[Diffusion] 간단한 diffusion 모델로 포켓몬 학습하기

2024. 1. 12. 17:39·공부정리/Computer Vision
728x90
반응형
diffusion_jam_test
In [ ]:
import numpy as np
import matplotlib.pyplot as plt
from PIL import Image

import torch
import torch.nn as nn

from torch.utils.data import Dataset, DataLoader
from torchvision import transforms

from tqdm import tqdm

import plotly.io
import plotly.graph_objects as go

# colab: coloab
# jupyter lab: jupyterlab
# jupyter notebook, quarto blog: notebook
plotly.io.renderers.default = "notebook"
In [ ]:
# 사용 디바이스 세팅
device = 'cuda' if torch.cuda.is_available() else 'cpu'
device
Out[ ]:
'cuda'
In [ ]:
sprites = np.load('pokemon.npy')
sprites.shape
Out[ ]:
(819, 256, 256, 3)
In [ ]:
# 새로운 이미지 크기 설정
new_width, new_height = 64, 64

# 다운샘플링된 이미지를 저장할 리스트
resized_images = []

# 각 이미지에 대해 반복
for img in sprites:
    # Numpy 배열을 PIL 이미지로 변환
    pil_img = Image.fromarray(img)

    # 이미지 리사이즈
    resized_img = pil_img.resize((new_width, new_height), Image.ANTIALIAS)

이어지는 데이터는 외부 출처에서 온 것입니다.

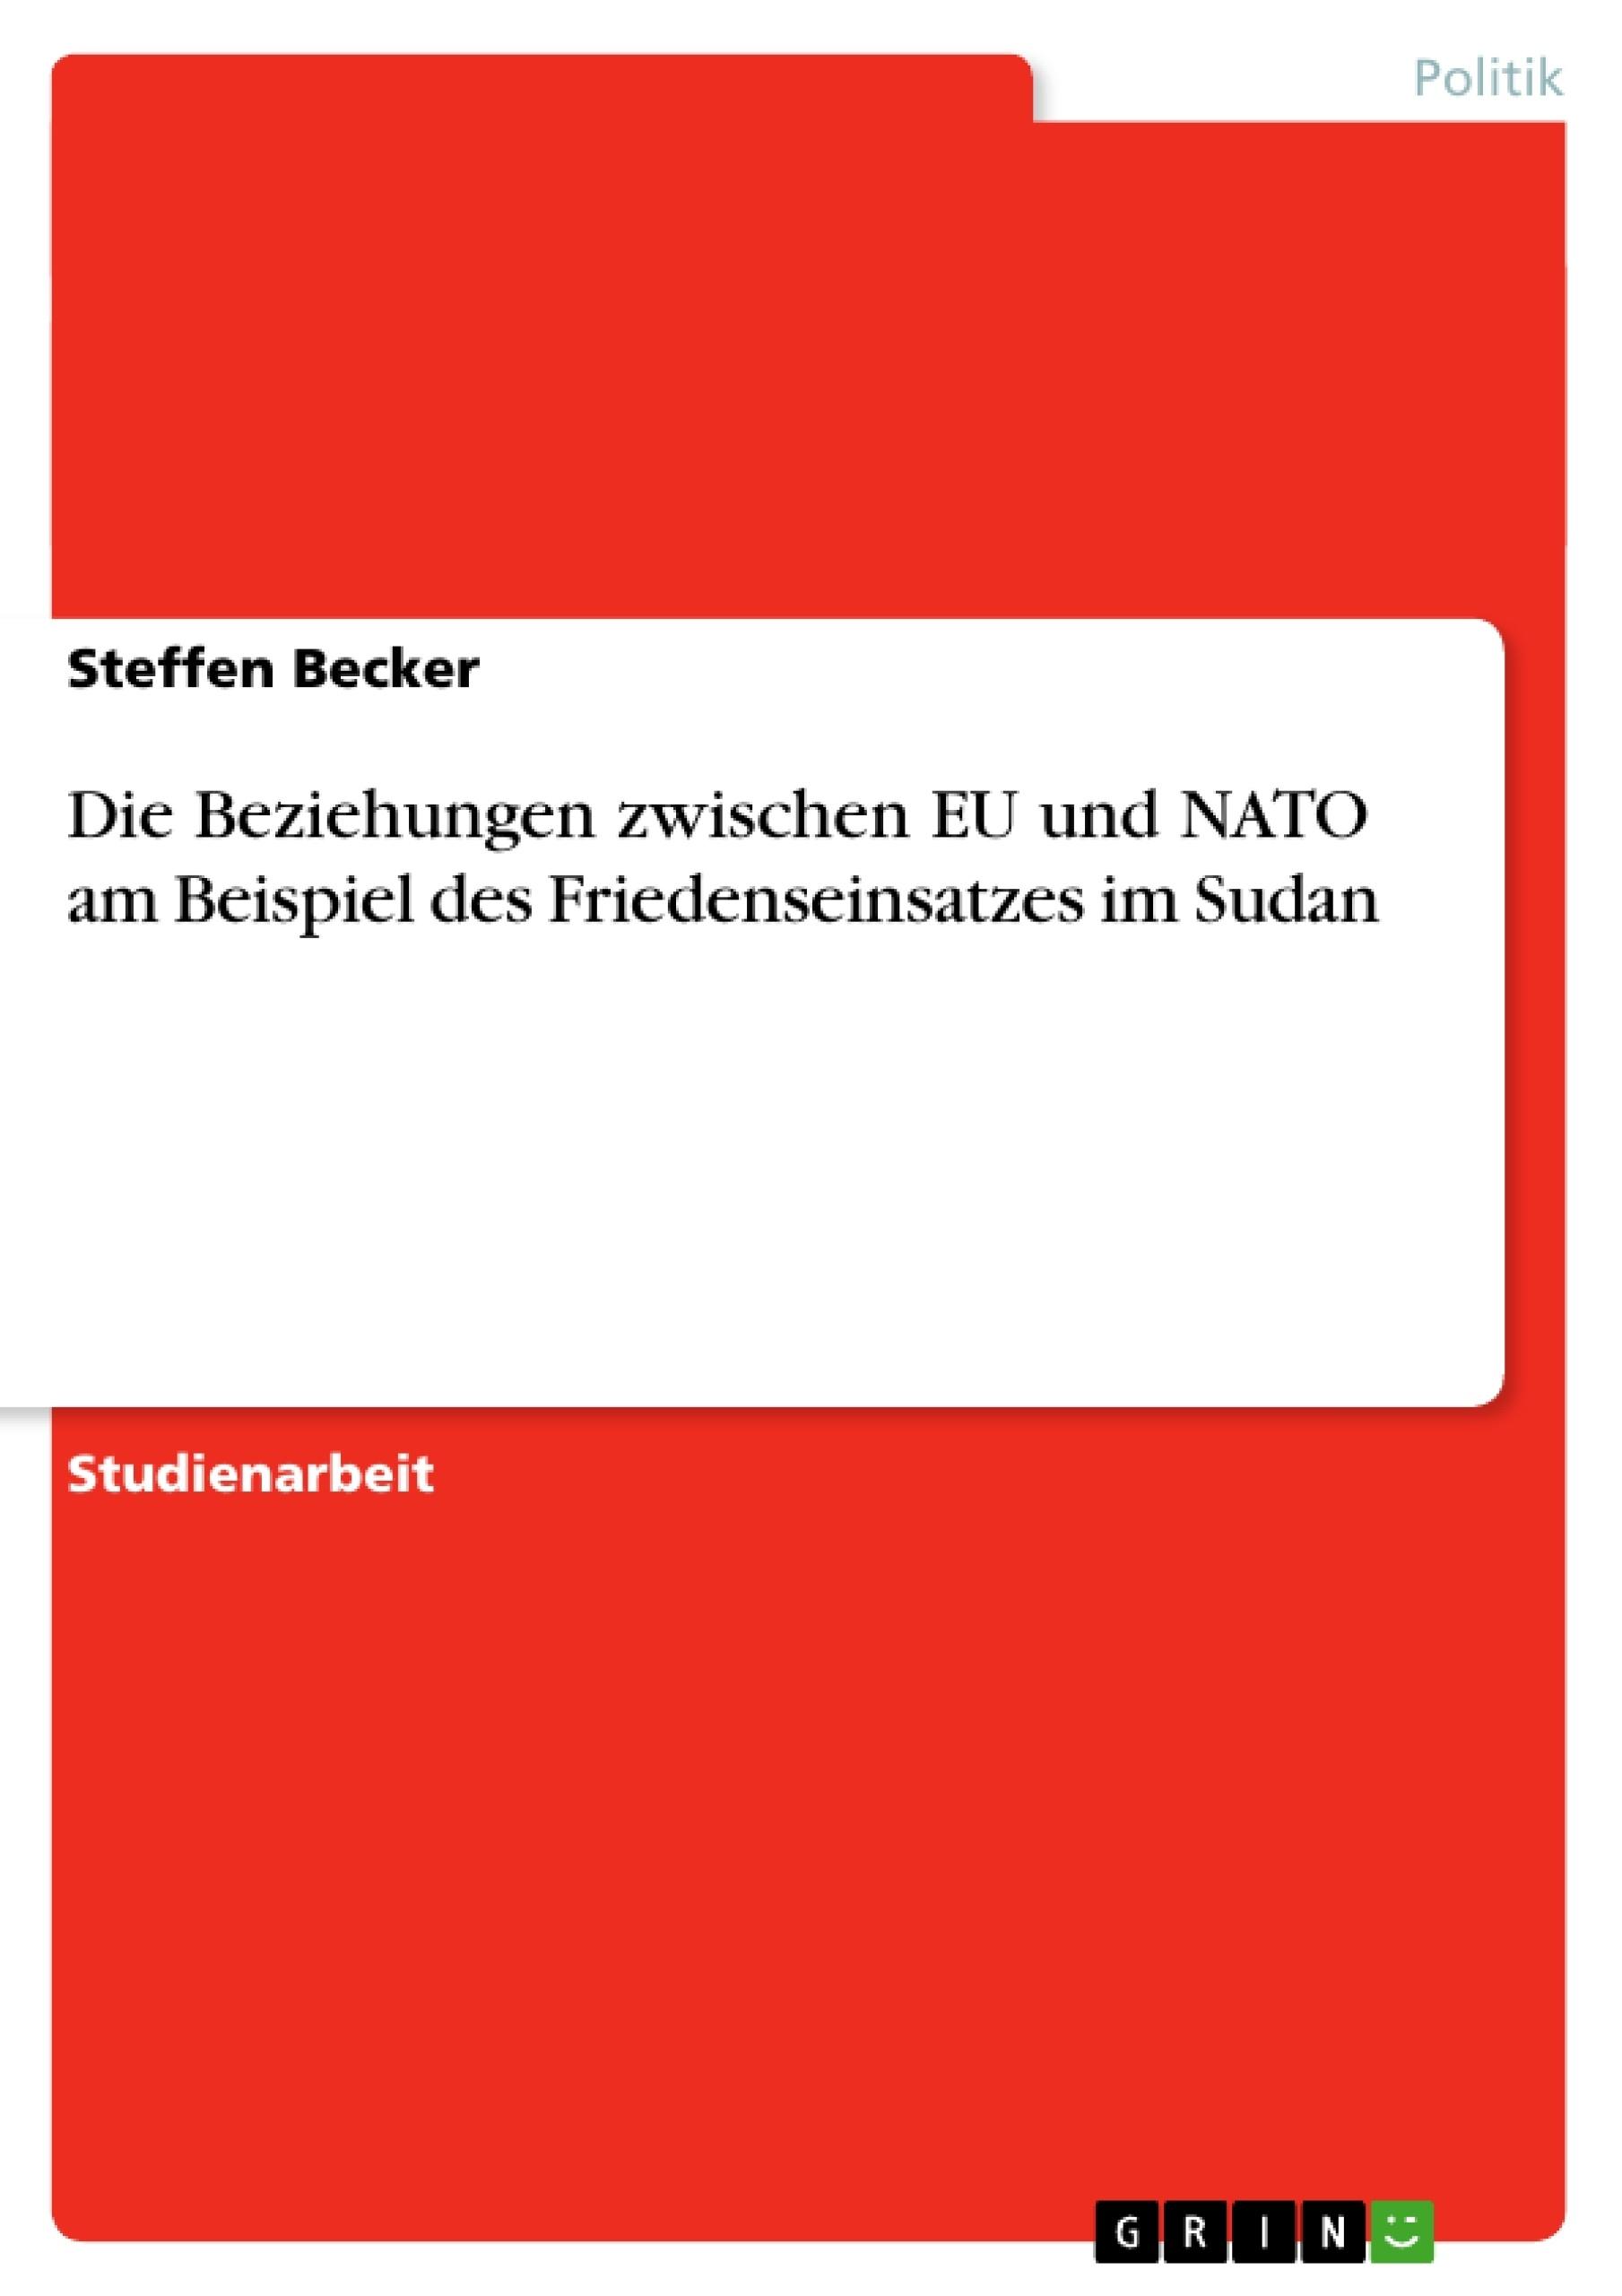 Titel: Die Beziehungen zwischen EU und NATO am Beispiel des Friedenseinsatzes im Sudan

    # 리사이즈된 이미지를 Numpy 배열로 다시 변환하여 리스트에 추가
    resized_images.append(np.array(resized_img))

# 리스트를 Numpy 배열로 변환
resized_sprites = np.array(resized_images)
sprites = resized_sprites
print("Resized shape:", resized_sprites.shape)
/tmp/ipykernel_3942/2188836465.py:13: DeprecationWarning:

ANTIALIAS is deprecated and will be removed in Pillow 10 (2023-07-01). Use Resampling.LANCZOS instead.

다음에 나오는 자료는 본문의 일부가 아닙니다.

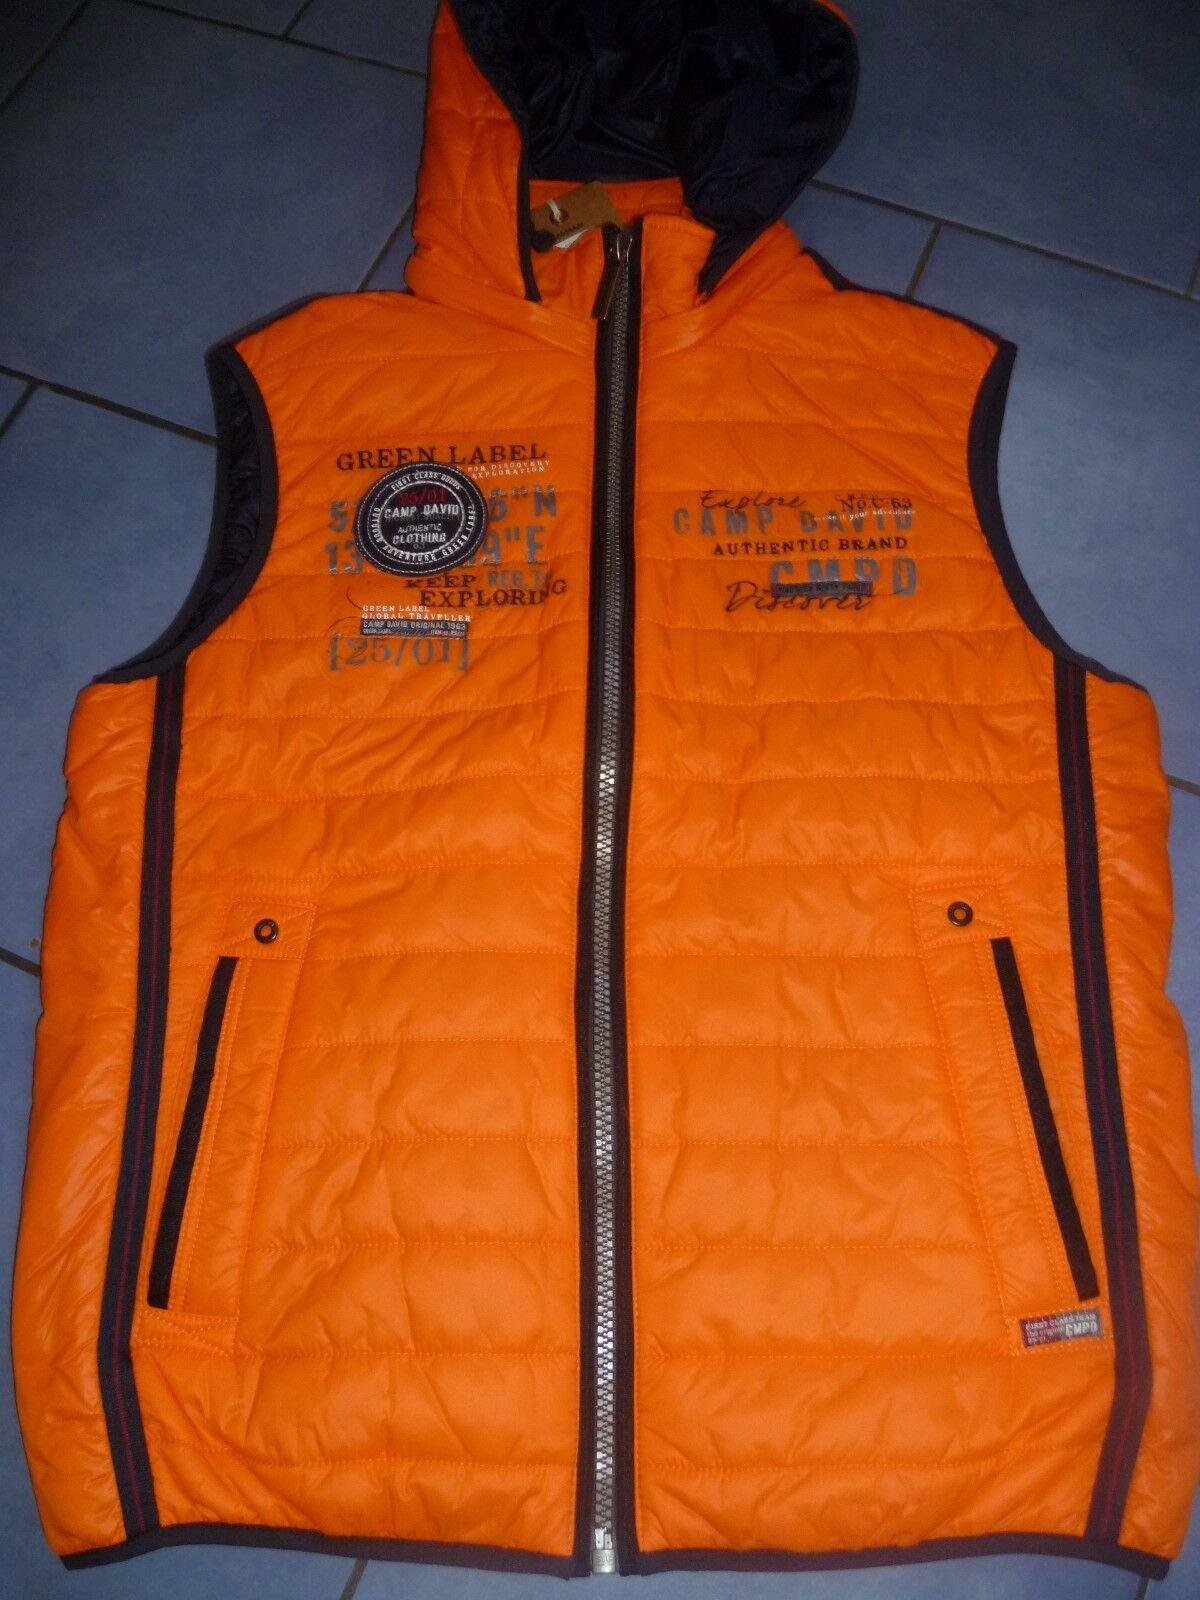 Top nuevo señores hombres Al aire libre  chaleco acolchado con capucha naranja camp david talla m  ¡No dudes! ¡Compra ahora!

Resized shape: (819, 64, 64, 3)
In [ ]:
# 준비된 (64,64)크기의 나비 이미지를 (28,28)로 리사이즈하고
# 픽셀값을 0~1로 노멀라이즈
x0 = (sprites / 255)[12]

# 노멀라이즈 확인
print(x0.min(), x0.max())
0.1411764705882353 1.0
In [ ]:
plt.imshow(x0)
plt.show()
In [ ]:
sprites.shape, sprites.min(), sprites.max()
Out[ ]:
((819, 64, 64, 3), 0, 255)
In [ ]:
H = 64
W = 64
C = 3
In [ ]:
class MyDataset(Dataset):
    # beta는 DDPM 원문의 설정을 따르고
    beta_1 = 1e-4
    beta_T = 0.02
    # 시간 단계는 deeplearning.ai에서 제공하는 숏코스 How Diffusion Models Work의 설정을 따름
    T = 500

    # beta는 첨자 1부터 T까지 사용하기 위해 제일 앞에 더미 데이터 tf.constant([0.])를 추가하여 만듬
    beta = torch.cat([ torch.tensor([0]), torch.linspace(beta_1, beta_T, T)], axis=0)
    alpha = 1 - beta
    alpha_bar = torch.exp(torch.cumsum(torch.log(alpha), axis=0))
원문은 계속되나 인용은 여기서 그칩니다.